YOUR GOAL
Images excepted, the data below must be repeated exactly.

[[ SOURCE MATERIAL, beginning ]]

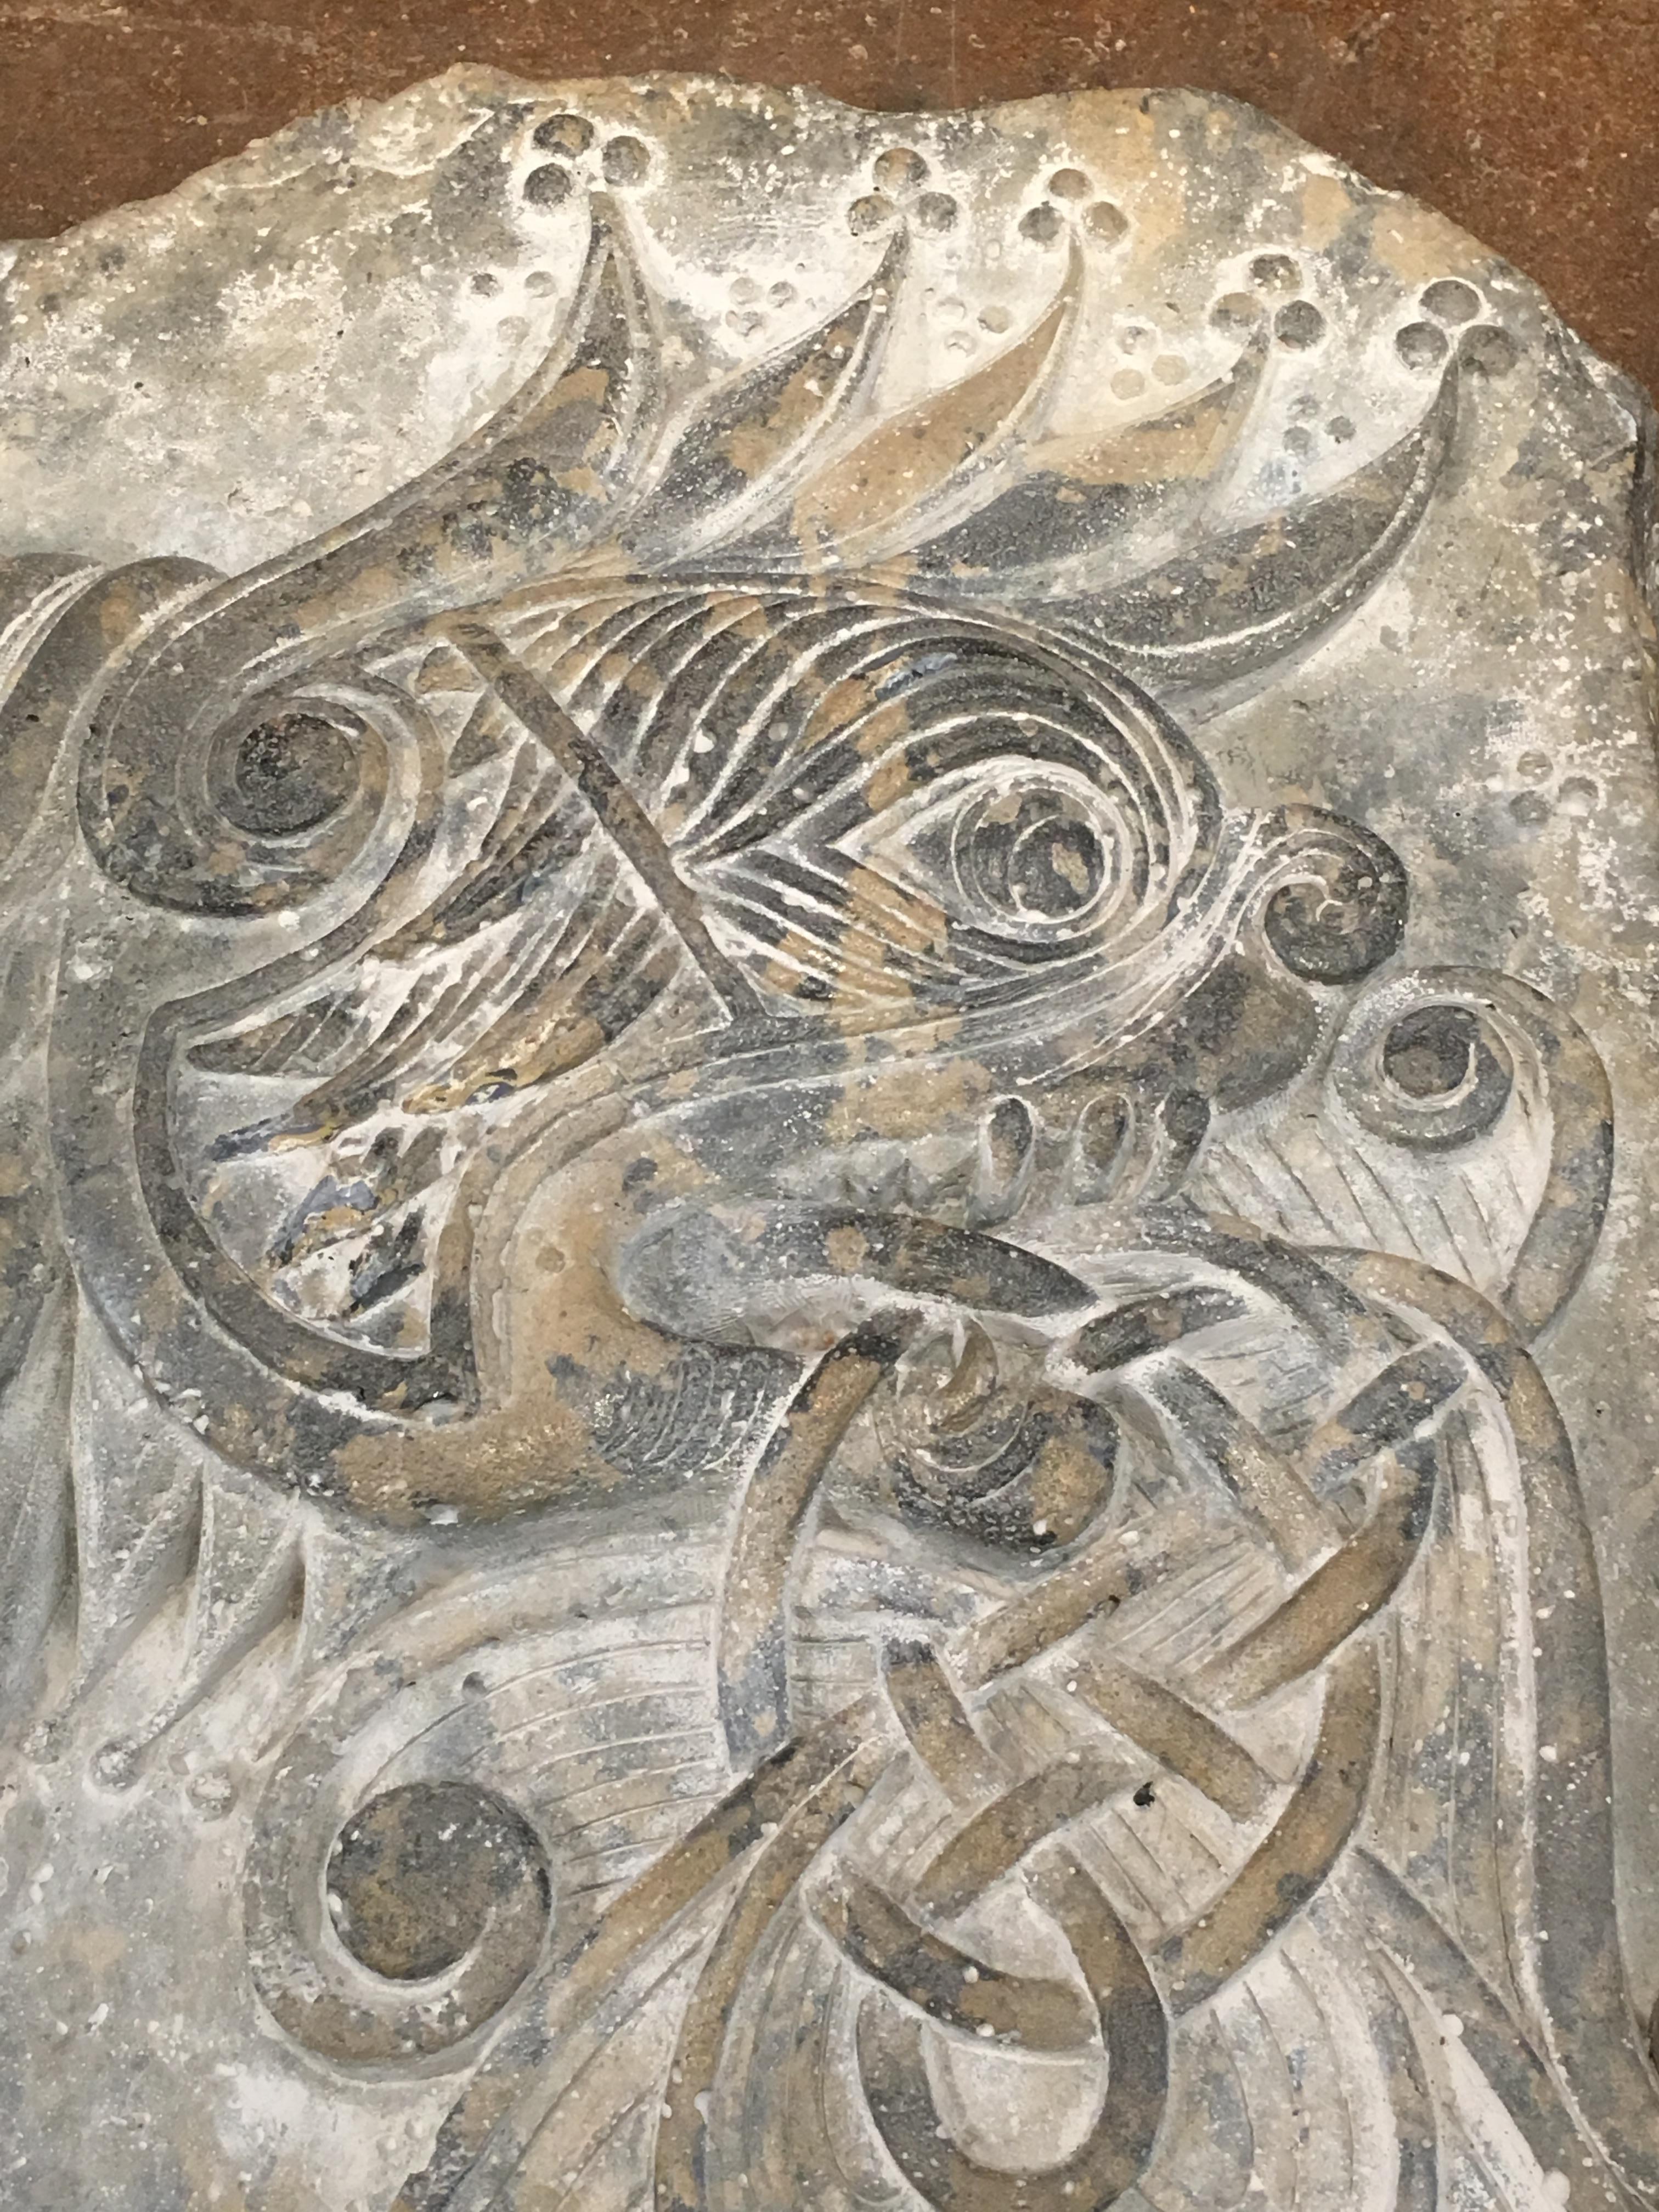 Eine wunderbare Wandtafel aus gegossener Keramik, die ein keltisches Fabelwesen darstellt, von Jim Meredith Studios, Ende des 20. Jahrhunderts.

Die Plakette, die antiken Steinmetzarbeiten nachempfunden ist, zeigt die wilde Darstellung eines
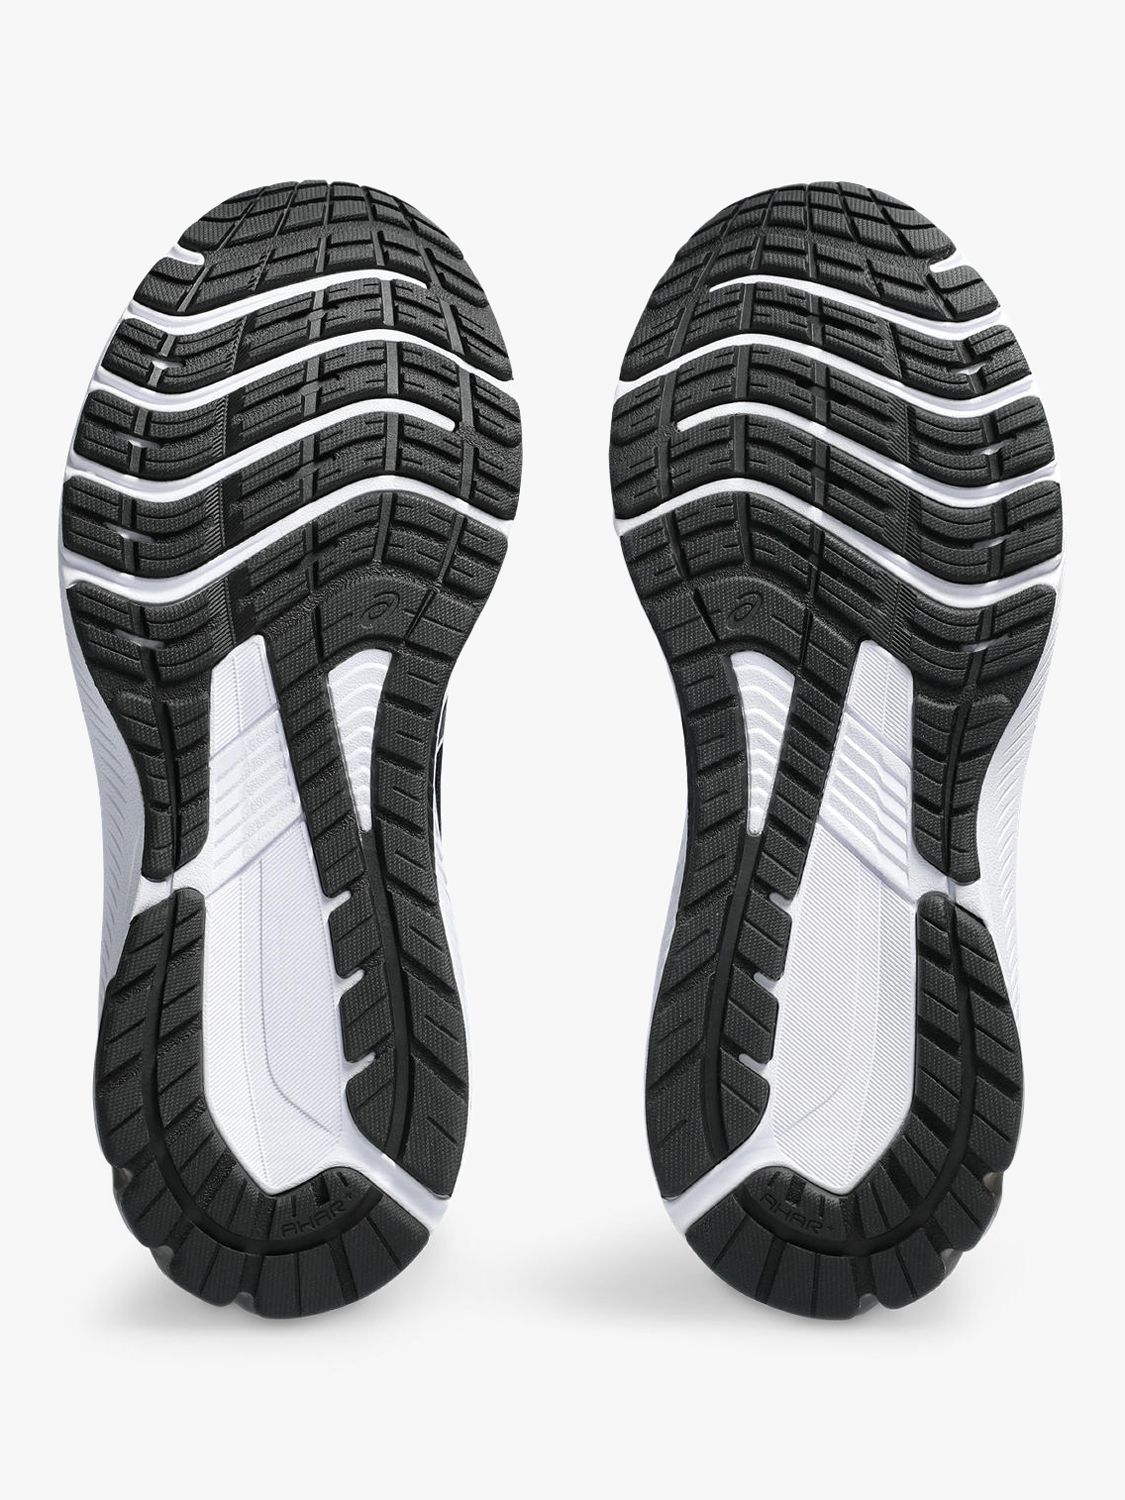 ASICS GT-1000 12 Women's Running Shoes, Black/White, 5.5
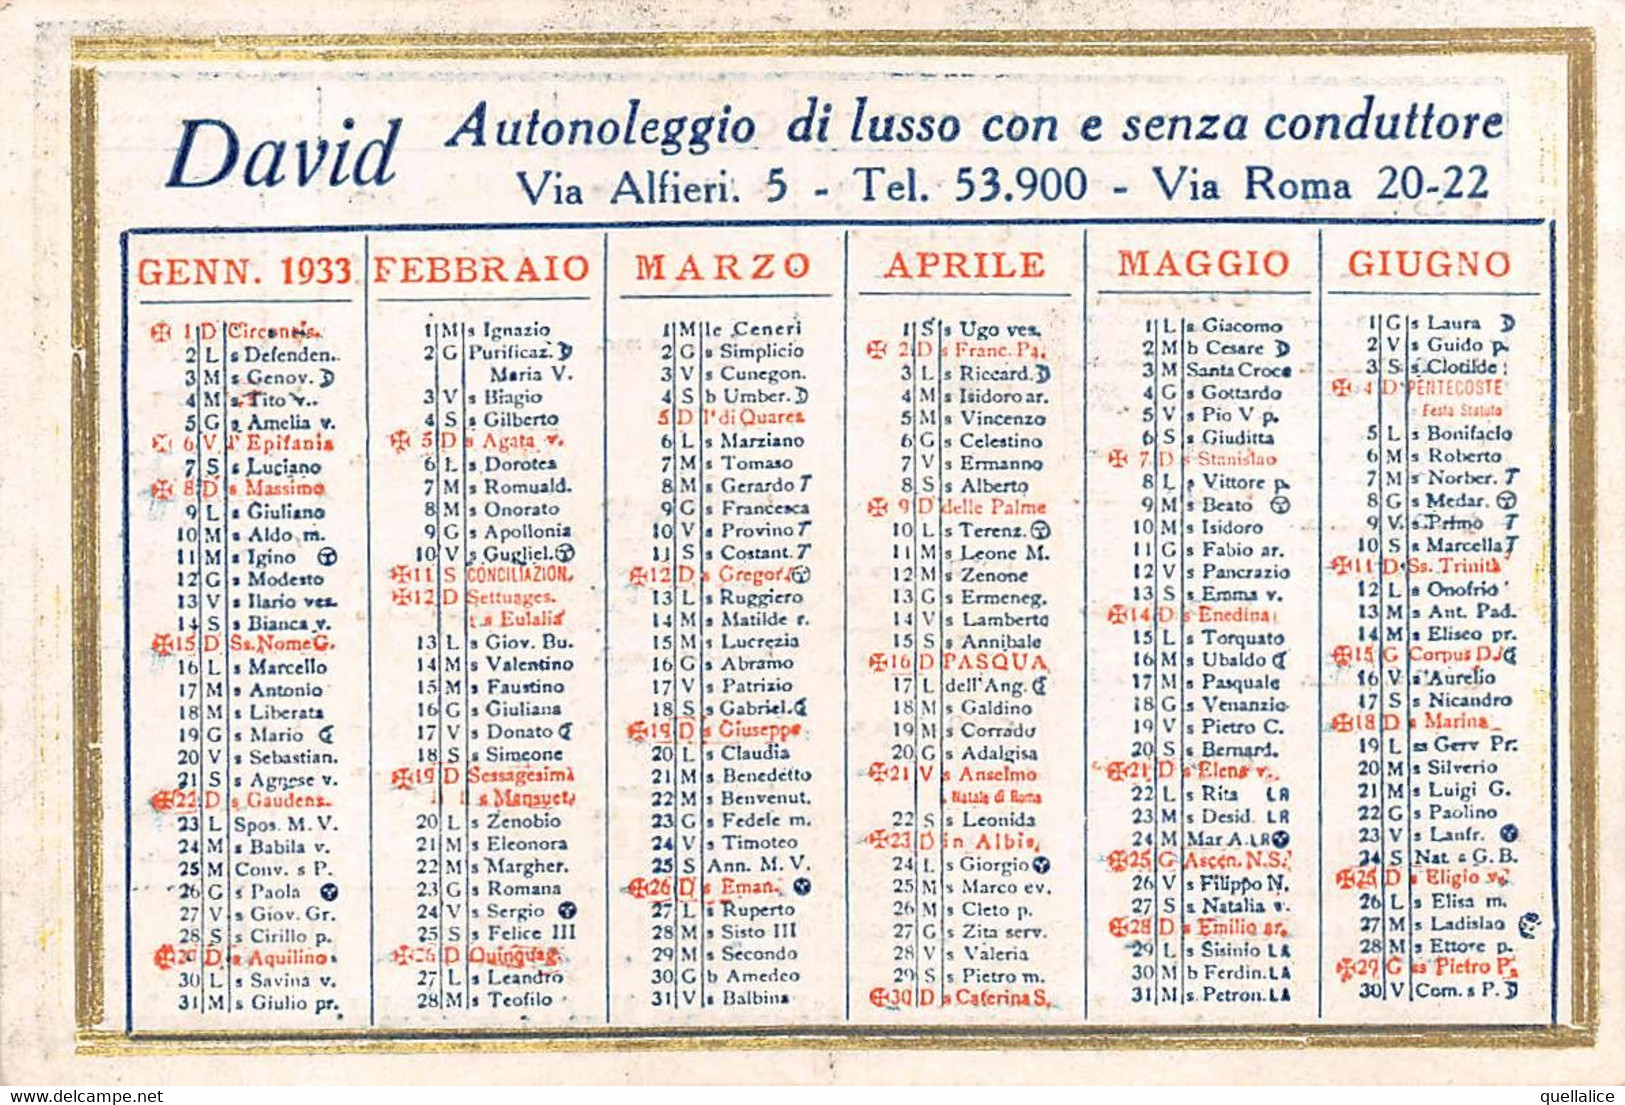 02089 "TORINO - DAVID AUTONOLEGGIO DI LUSSO CON E SENZA CONDUTTORE - CALENDARIETTO 1933" ORIG - Grand Format : 1921-40

[[ SOURCE MATERIAL, end ]]

ANSWER TO THIS PROBLEM
 Eine wunderbare Wandtafel aus gegossener Keramik, die ein keltisches Fabelwesen darstellt, von Jim Meredith Studios, Ende des 20. Jahrhunderts.

Die Plakette, die antiken Steinmetzarbeiten nachempfunden ist, zeigt die wilde Darstellung eines
 ASICS GT-1000 12 Women's Running Shoes, Black/White, 5.5
 02089 "TORINO - DAVID AUTONOLEGGIO DI LUSSO CON E SENZA CONDUTTORE - CALENDARIETTO 1933" ORIG - Grand Format : 1921-40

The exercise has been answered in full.